Got a late start and was limited to North coves with the North wind howling. Nearly froze only wearing shorts and a tee shirt/Take a jacket with this wind. Lots of sign and ran over several fish with less than good water. Still pretty stained. Launched at 10:00 pm and loaded up at 12:30. All the cold I could take. Managed 10 fish from 14 to 22 inches. ​


----------



## DropB (Feb 4, 2011)

very nice. i'm thinking about going out tonight. looks like the next few days are going to be kinda crappy. what did water temp look like ?


----------



## oxbeast1210 (Jun 21, 2010)

sweet I need o start gigging lol


----------



## bamafan611 (Mar 1, 2010)

*water temp*

Didn't check the water temp, but it was alot warmer than the air temp.
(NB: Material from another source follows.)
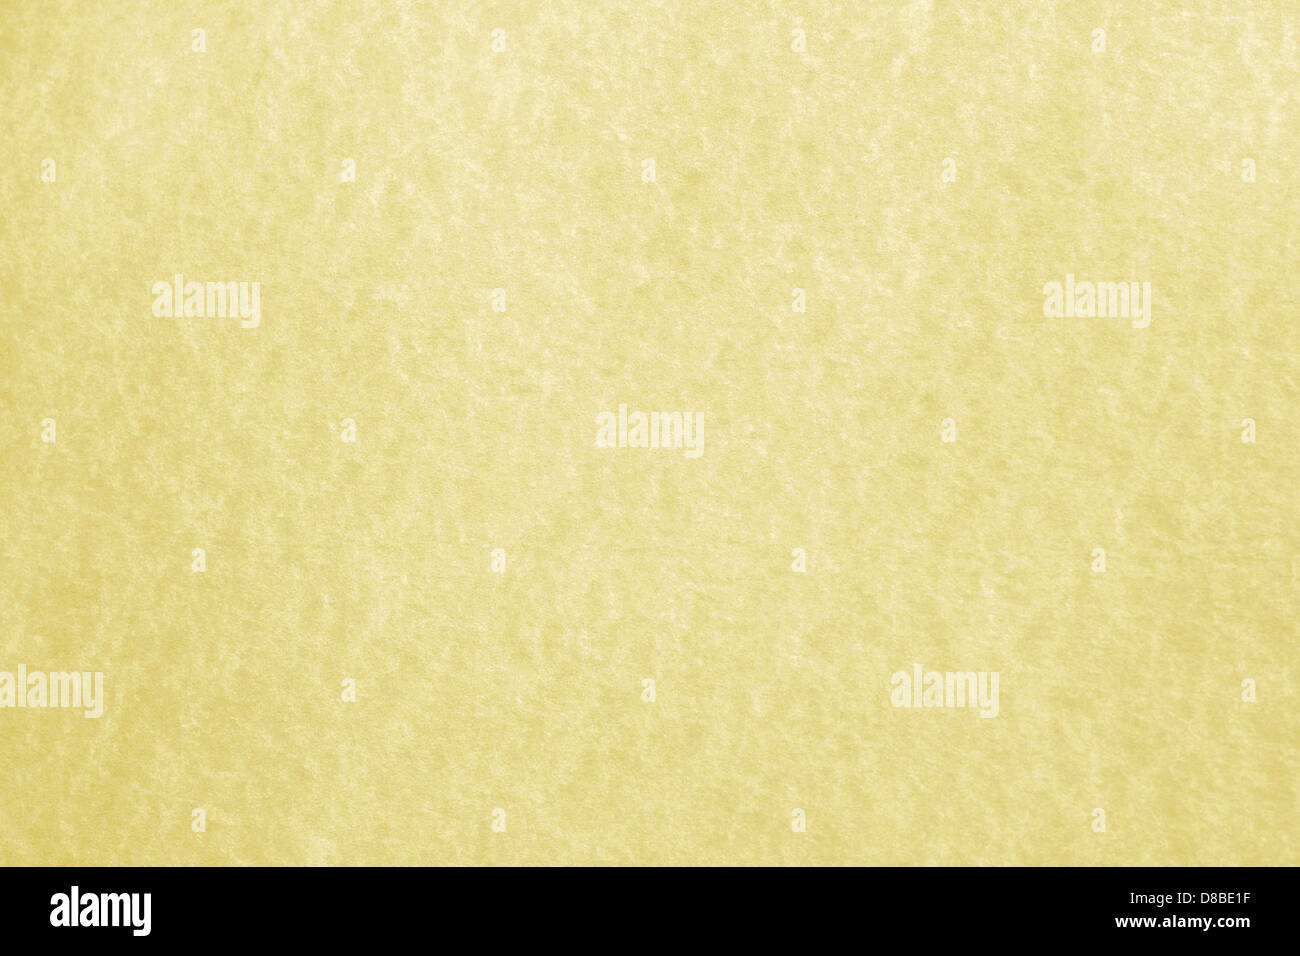 golden parchment paper texture. Stock Photo

Froze my butt off with that North wind. Take a jacket for the next few days.Water clarity was poor except right on the beach.Lots of 12 inch and smaller fish on the beach.


----------



## X-Shark (Oct 3, 2007)

Put a pair of coveralls and a hooded sweatshirt on the boat. You never know.


----------



## Death From Above (Sep 28, 2007)

Nice catch. Good size ones too!


----------



## Faithnfishin (Dec 5, 2010)

Got the fever!!! Going to get down to 59 tonight here in Crestview.


----------



## bamafan611 (Mar 1, 2010)

*overalls*

Bobby thats the first thing I did the next day. sweats top and bottom. With the hot summer, just wasn't prepared.


----------